Pick via the pigeonhole principle $N\in \mathbb {N}$ large enough so that given any sequence $\vec {v}_1,\ldots \vec {v}_N$ in $[k]\times F^n$ , there exist i and j with $i<j-1<N-1$ , such that $\vec {v}_i=\vec {v}_j$ . Let $s={N\choose 2}\cdot |F|$ . We define a sequence of positive numbers $\alpha _1,\alpha _1',\ldots ,\alpha _N,\alpha _N'$ with $\alpha _1=\frac {1}{K}$ and a sequence $r_1,\ldots ,r_N$ in $\mathbb {N}$ . At the j-th step, given $\alpha _j$ , we apply Theorem 2.3 and obtain $\alpha _j'$ and $r_j$ , such that for any set $A\subseteq {\mathbb {Q}}$ with $d(A)\geq \alpha _j$ and any $q_1,\ldots ,q_s$ , the set

(4.5) $$ \begin{align} \{y\in {\mathbb{Q}}: d(\{x\in A: x+q_1 y,\ldots, x+q_s y\in A \})\geq\alpha_j'\}\text{ is additively IP}_r^*. \end{align} $$

We put $\alpha _{j+1}=\frac {\alpha _j'}{K}$ . When the construction is complete, we write $r=\max \{r_1,\ldots ,r_N\}$ so that any set which is additively IP $_{r_j}^*$ for some $j\in [N]$ is additively IP $_{r}^*$ .

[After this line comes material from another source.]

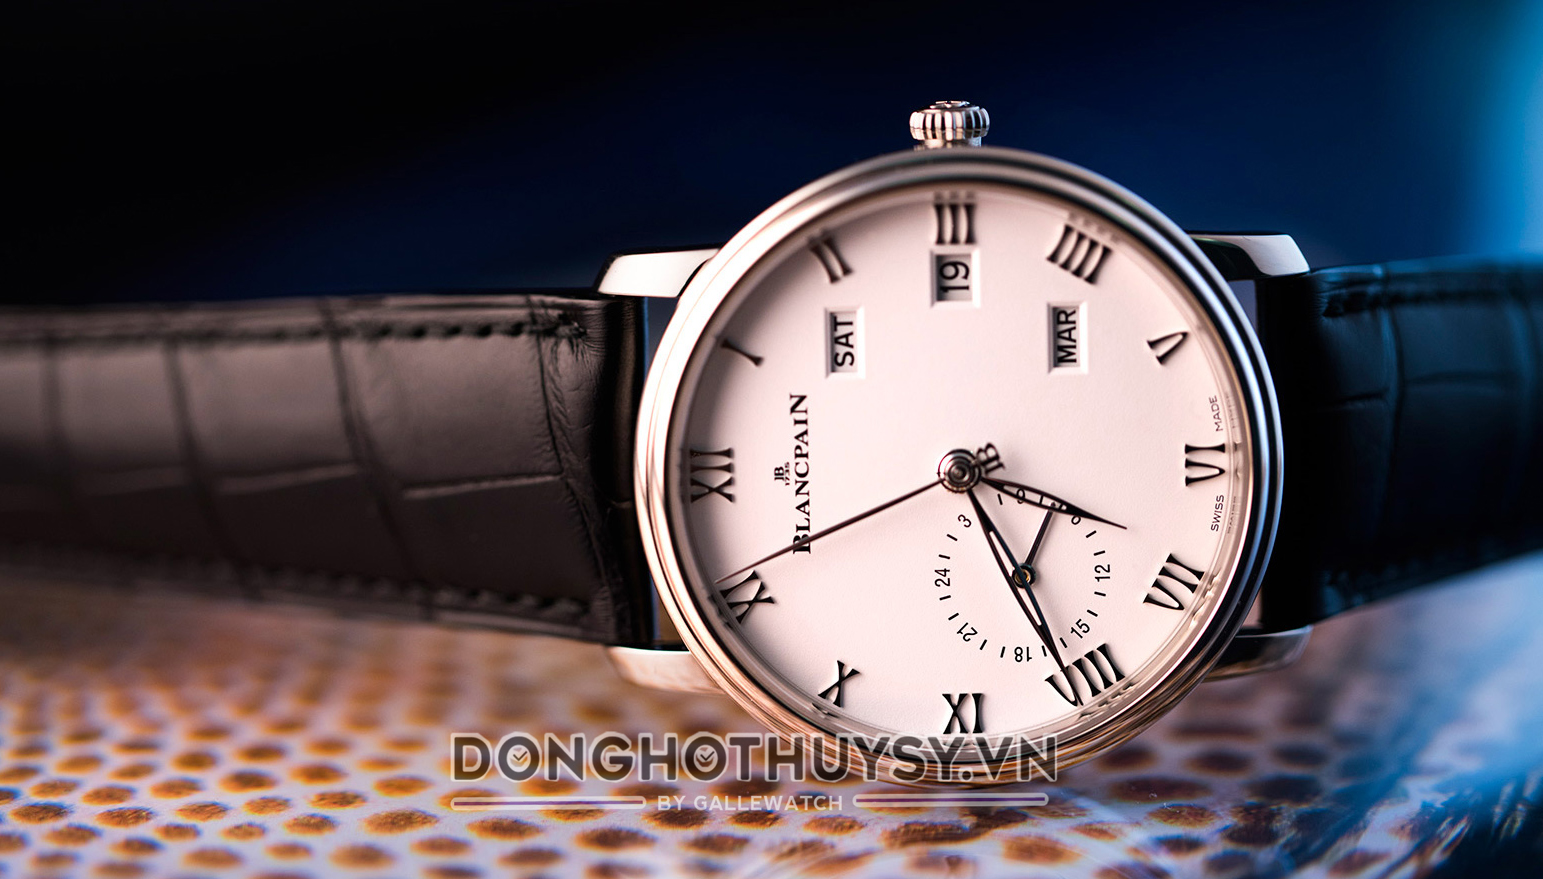 Bộ sưu tập đồng hồ thương hiệu Blancpain nổi bật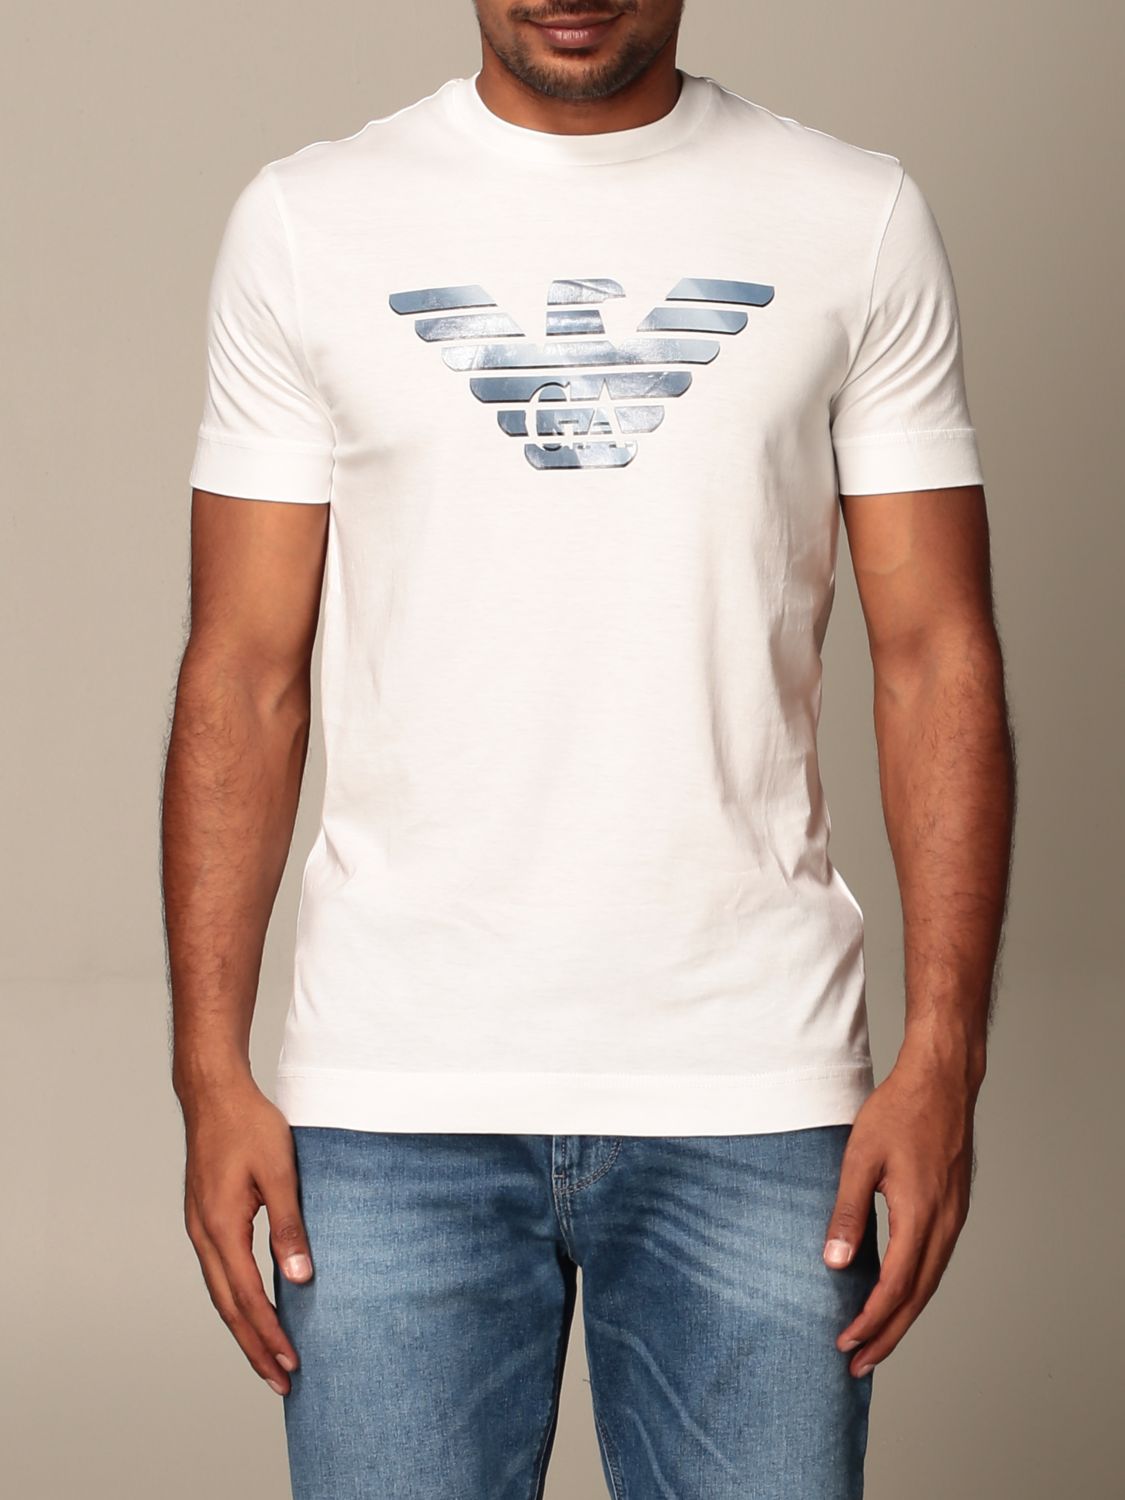 Emporio Armani Outlet: t-shirt for men - White | Emporio Armani t-shirt ...

Since the sets $\bigcup _{m\in Y_1} C_m,\ldots , \bigcup _{m\in Y_k} C_m$ are multiplicatively thick, by Lemma 3.2, there are additively IP $_r$ sets

$$ \begin{align*}S_{1,j}\subseteq \bigcup_{m\in Y_1} C_m,\ldots,S_{k,j}\subseteq \bigcup_{m\in Y_k} C_m\end{align*} $$

for each $j<N$ , such that

(4.6) $$ \begin{align} S_{l_i,i}\cdot S_{l_{i+1},i+1}\cdot\ldots\cdot S_{l_j,j}\subseteq \bigcup_{m\in Y_{l_i}}C_m \end{align} $$

for any $i\leq j\leq N$ and any choice $l_i,l_{i+1},\ldots ,l_j\leq k$ .

We inductively define

• • a sequence of subsets $A_1\supseteq \ldots \supseteq A_N$ of ${\mathbb {Q}}$ ,

• • finite sets $Q_1,\ldots ,Q_N\subseteq {\mathbb {Q}}$ ,

• • tuples $(l_1,f_{1,1},\ldots ,f_{n,1}),\ldots , (l_N,f_{1,N},\ldots ,f_{n,N})$ , such that $l_j\leq k$ and $f_{1,j},\ldots ,f_{n,j}\in F$ for every $j\leq N$ ,

• • and elements $y_1,\ldots ,y_{N-1}\in {\mathbb {Q}}\setminus \{0\}$ ,

such that for every $j< N$ , we have

1. 1. $A_{j+1}\subseteq A_j\cap \bigcap _{q\in Q_j}(A_j-qy_j)$ ,

2. 2. $A_{j+1}\subseteq \{x\in A_j: xy_1\cdot \ldots \cdot y_j\in D_{(l_{j+1},f_{1,j+1},\ldots ,f_{n,j+1})}\}$ ,

3. 3. $y_j\in S_{l_{j},j}$ .

and $d(A_j)\geq \alpha _j$ for every $j<N$ with

$$ \begin{align*}Q_j=\left\{\frac{y_i\cdot\ldots\cdot y_{j-1}}{fy_1\cdot\ldots\cdot y_{i-1}}: f\in F, 1\leq i<j\right\}\end{align*} $$

for every $j< N$ , where by convention, we write $y_1\cdot \ldots \cdot y_{0}=1$ and $Q_1=\{\frac {1}{f}:f\in F\}$ . Note that $|Q_j|\leq |F|\cdot {j-1\choose 2}<s$ .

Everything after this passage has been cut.